After half a show of skirting around the issue, they finally get to the point: Ancient Alien Theorists believe that the Moon is an artificial body, created specifically for the Earth by extraterrestrials who sought to make the Earth more hospitable and/or to watch us from nearby.  The first bit of evidence given is excerpts from mythological texts and legends that claim to remember an era before the Moon.  This is self-contradictory: the show earlier discussed how life could not exist on Earth without the “calming” influence of the Moon’s gravity, thus how can human-created legends exist that claim to know of a time before the moon existed?

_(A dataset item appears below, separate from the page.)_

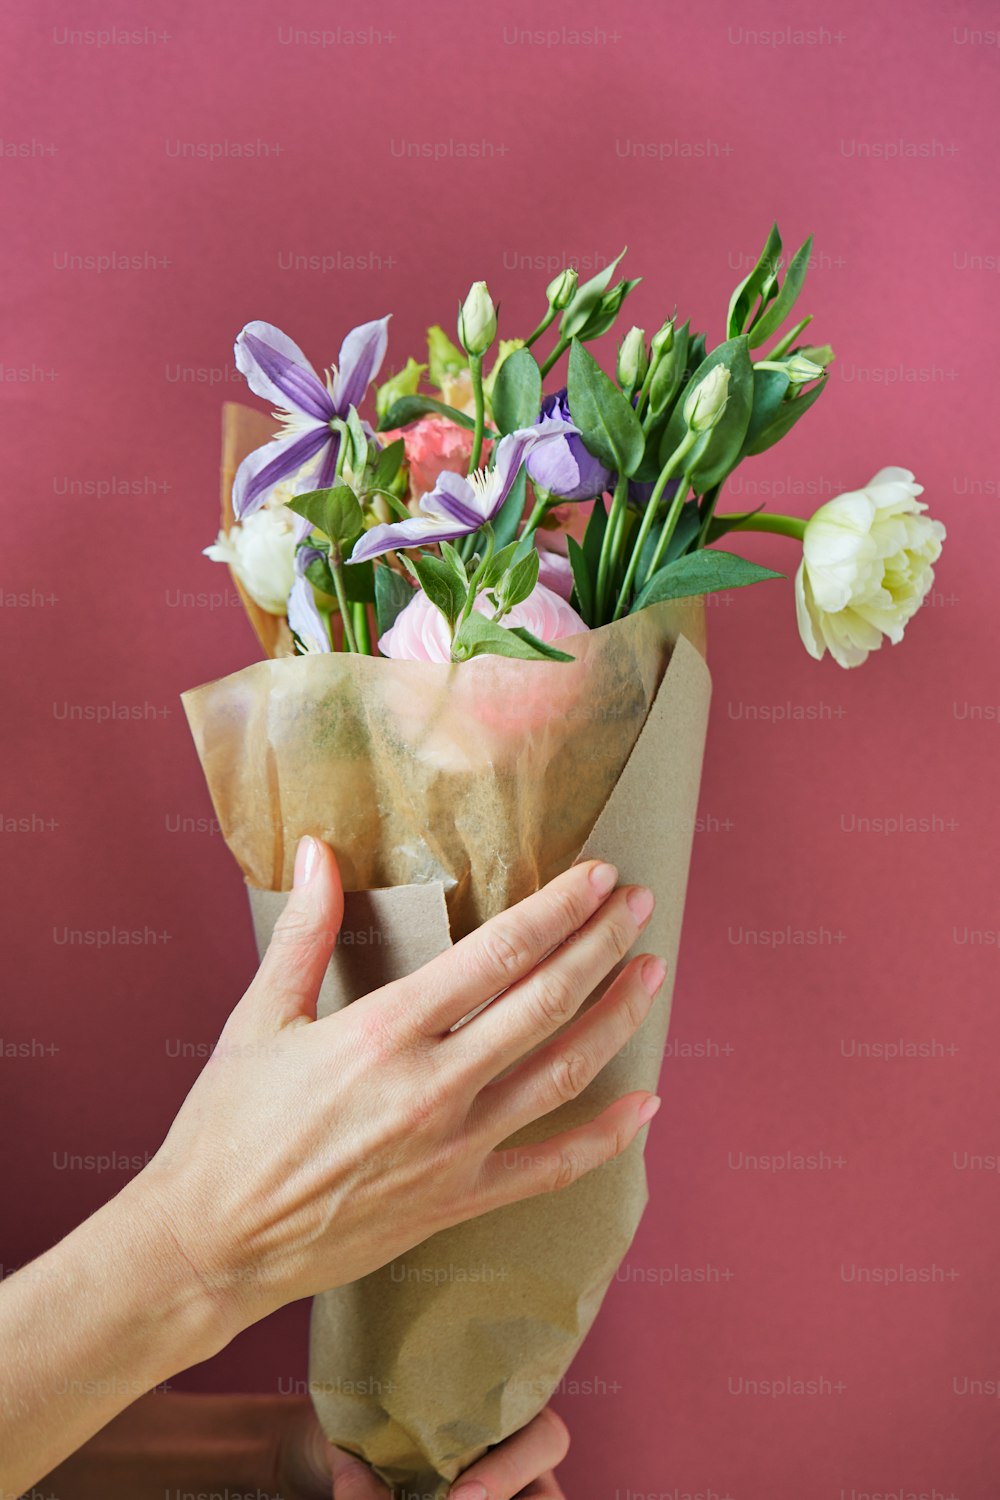 una mano sosteniendo una taza de flores

They then move to the idea that the Moon is a hollow space-station, and give various “proofs.”  They claim that the craters on the Moon are supposedly all about the same depth, and that this is impossible.  They’re right on the last part, that it is impossible; it’s also not true.  They claim that the craters cannot be any deeper because the Moon’s surface is merely a soil-deep covering over a hollow metal sphere.  The first problem with this is the idea that metal can’t be cratered, the second (and more important) is that the Moon is definitely not a hollow metal sphere.  Another supposed proof is that when the Apollo missions did seismic tests on the Moon, it “rang like a bell.”  This phrase comes from one of the NASA scientists who was working on the seismic tests during the Apollo 13 mission, and I’ll go out on a limb to say was not meant to be taken literally.  The seismic waves reverberated for over an hour in these tests, which is believed to be the effect of the crystalline structure of the rocks that comprise the Moon.  One thing it certainly doesn’t indicate is a hollow planetoid, in fact, it indicates a potentially much denser object than the Earth.

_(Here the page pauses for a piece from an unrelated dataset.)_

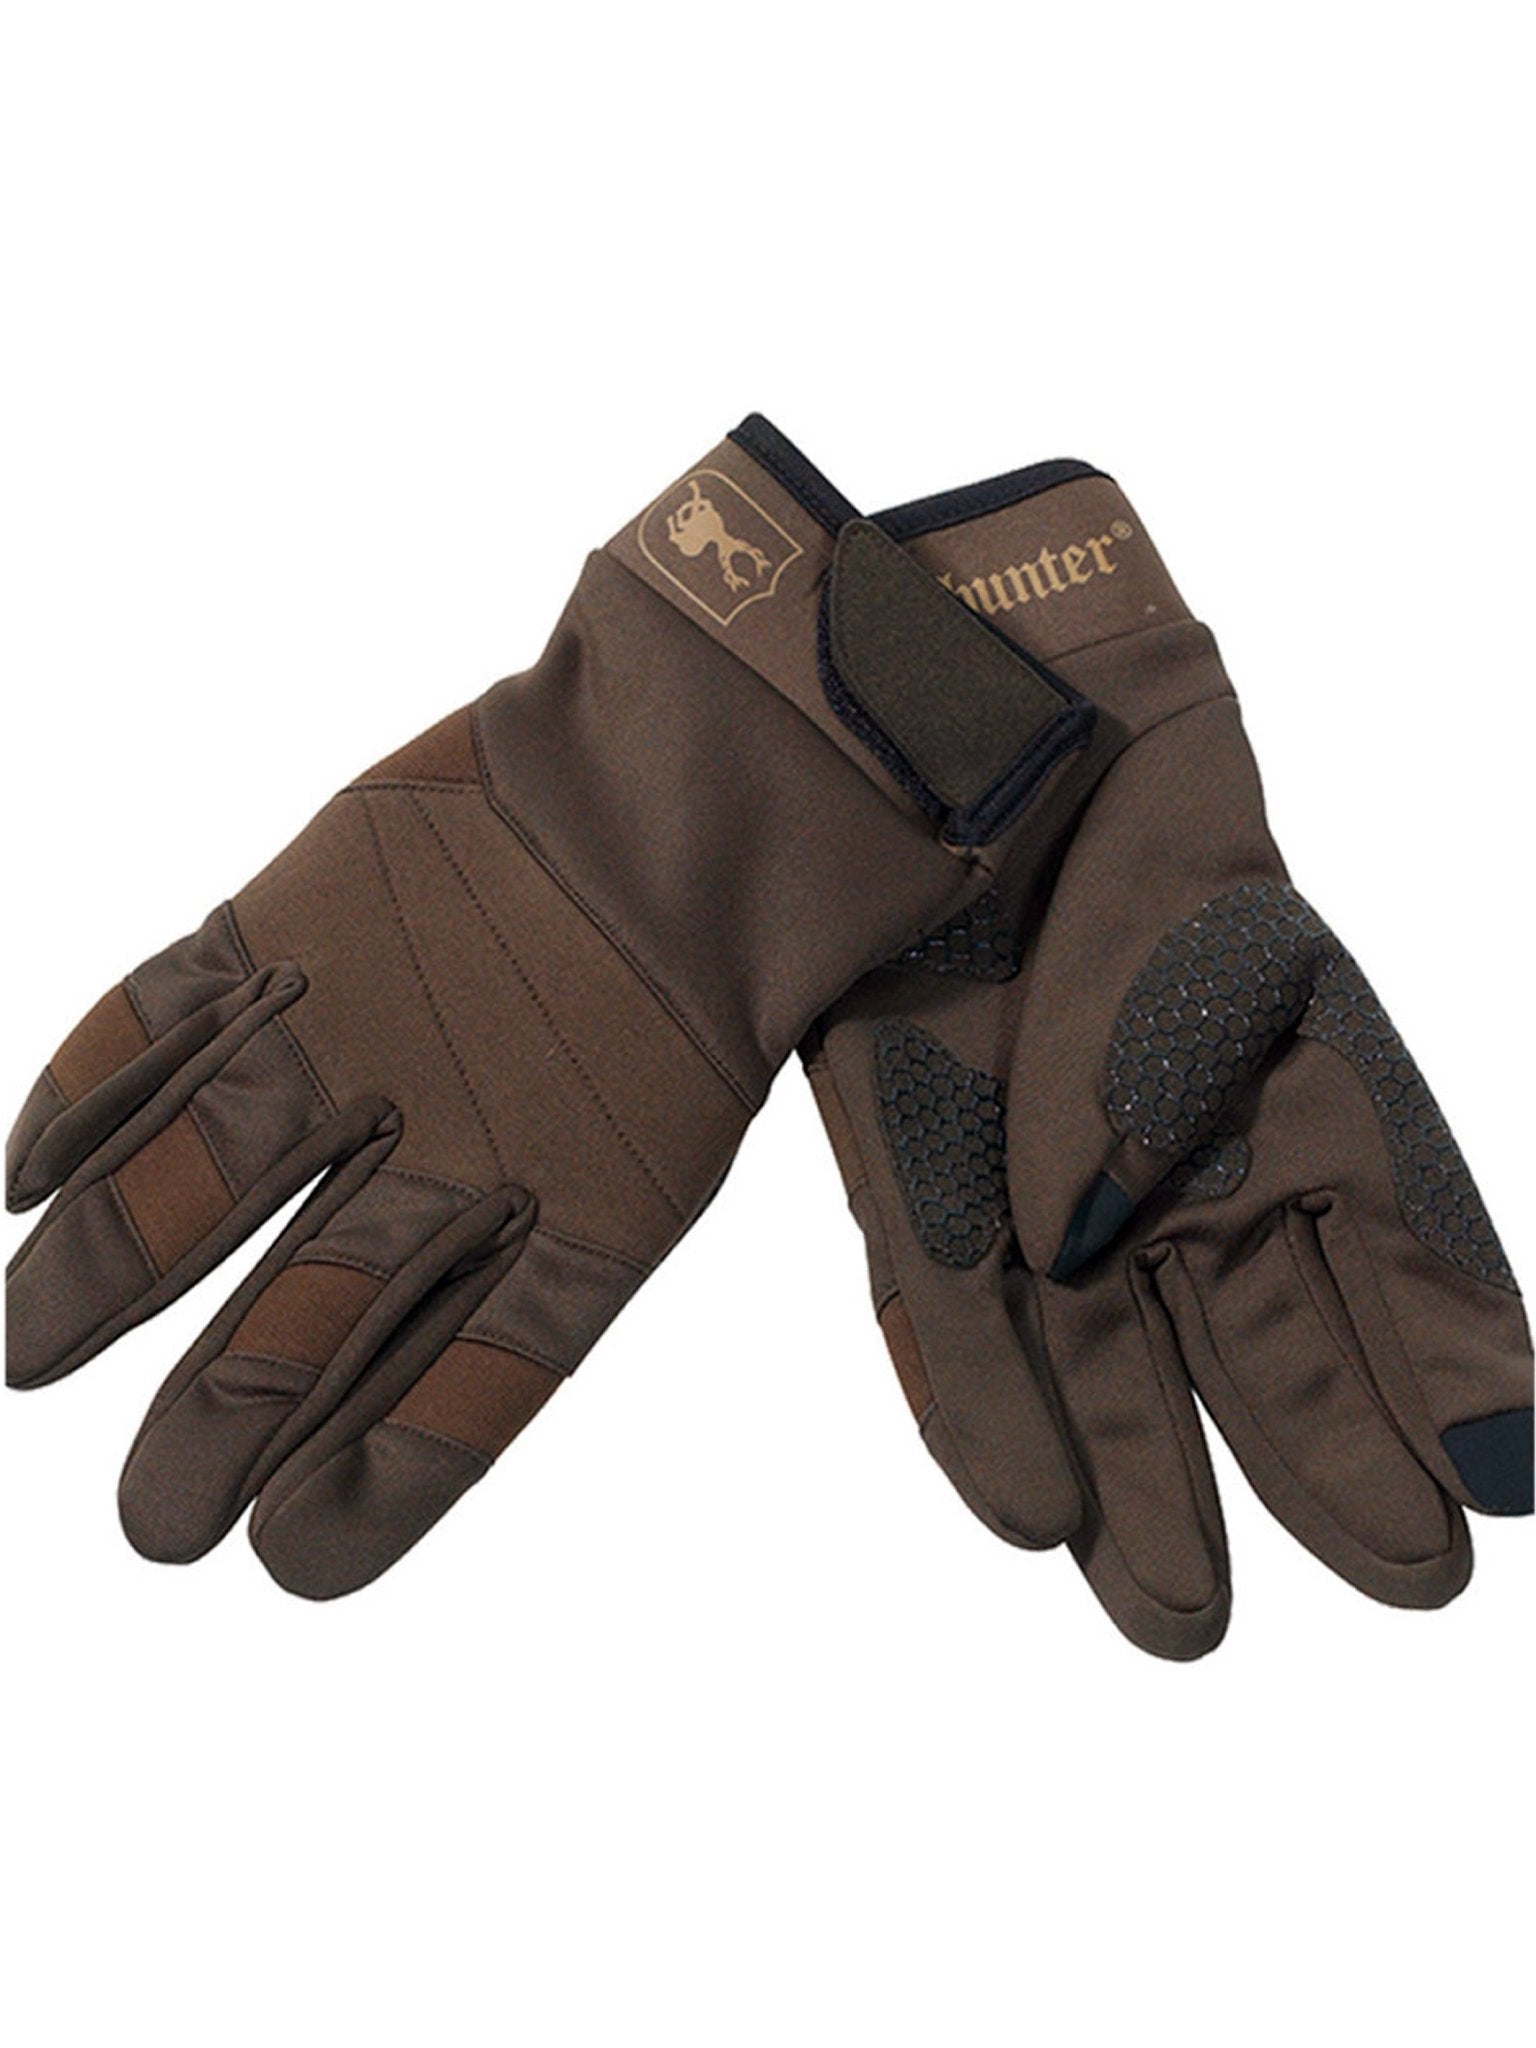 4elementsclothingDeerhunterDeerhunter - Discover Gloves / Hunting / outdoor / shooting glovesGloves8646-385-M

The show then moves to claims by Mikail Vosin and Alexander Shcherbakov, two Soviet scientists who published an article in 1970 claiming that the Moon is a spacecraft.[3] The article was published not in a scientific journal, but in Sputnik, a magazine which has been compared to Reader’s Digest.  This lends a careful observer to think that it was intended as a way to undermine American science and achievements with the general public in the USSR.

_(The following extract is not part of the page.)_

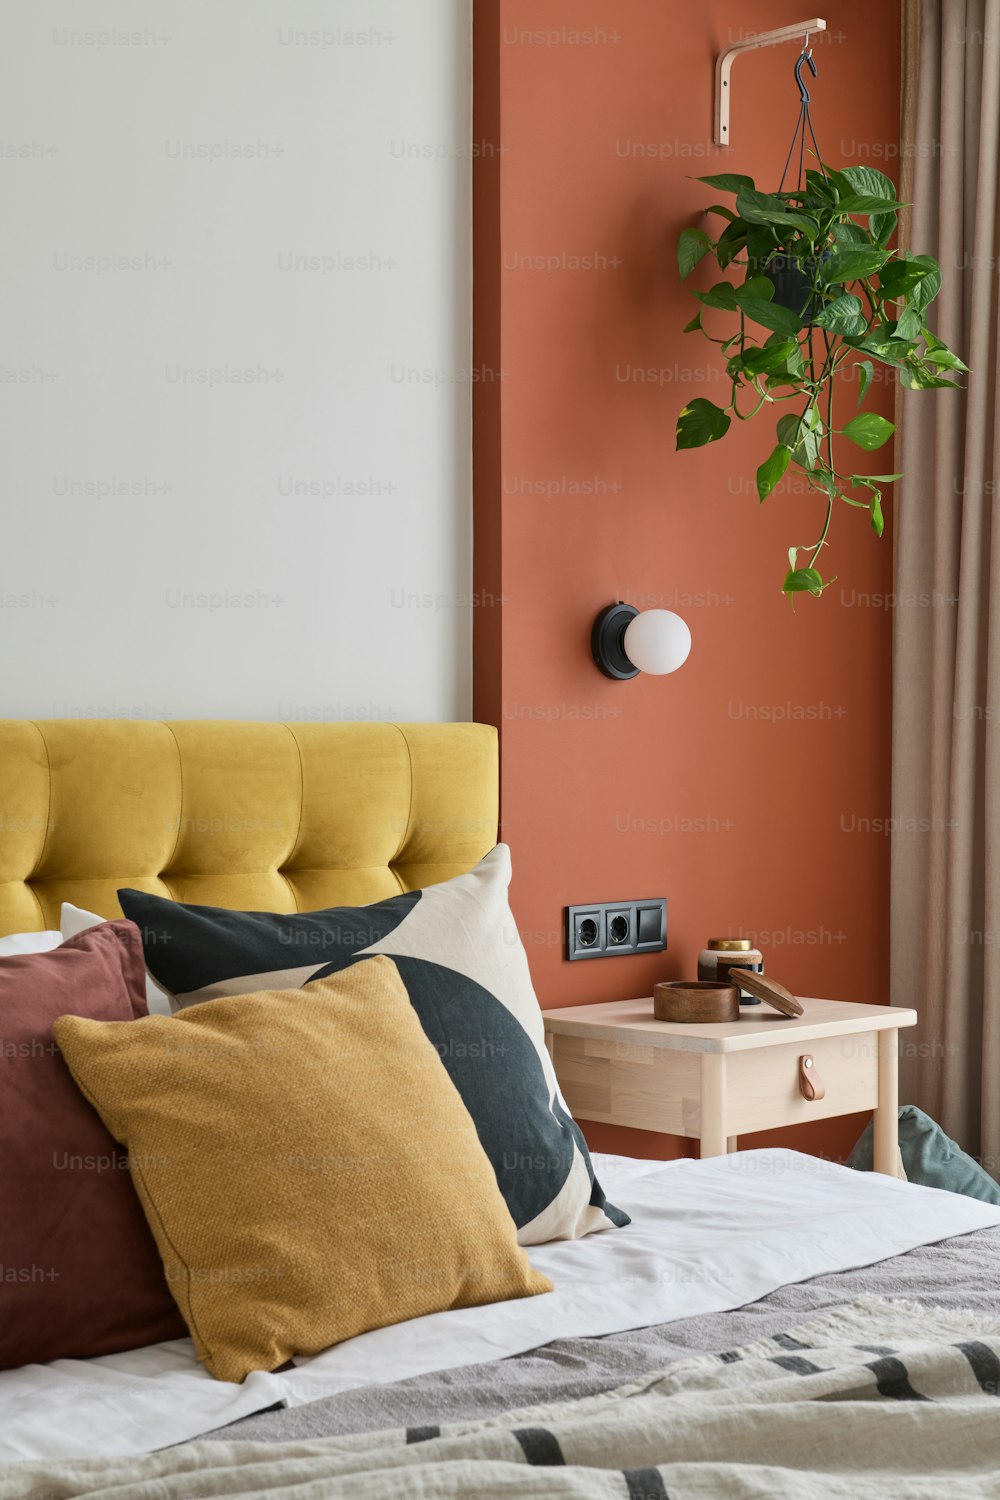 노란색과 주황색 베개가 있는 침대와 벽에 식물이 있는 침대

Next, there is a discussion of supposed artificial structures on the Moon.  This requires little comment beyond what has already been said about the supposed artificial structures on Mars: it is an example of Pareidolia, the phenomenon in which people see familiar patterns where none exist.  More evidence of supposed alien habitation is given in the form of flickering lights seen on the Moon’s surface.  An excerpt from the interview with Aldrin is shown in which he describes them as “flicker-flashes,” but says they did not investigate further because they “were on their way home.”  Though they remain unexplained, a recent article in the journal Nature explains evidence indicating they are gas eruptions.[4]  What they aren’t is some kind of alien skyline.  The show ends with the suggestion that aliens are living on the far (dark) side of the moon, but offers no evidence other than the logic of aliens keeping their bases out of sight.

Overall, this is not one of the more convincing episodes, at points it feels like they didn’t even try.

[1] I could write for pages about how unfortunate it is that money is found to spend on war (cold or hot) but not for the sake of knowledge for its own sake.  Instead, I’ll let Dr. Tyson explain in this lovely video: https://youtu.be/CbIZU8cQWXc.

[2] According to his Arizona State bio, he completed his PhD in 1970.  I hope new theories about astronomy and astrophysics have come into being in the last five decades.  See http://cosmos.asu.edu/curriculum-vitae.

[3] I was unable to find a link to the full text of this, if anyone can provide it (in English), please let me know.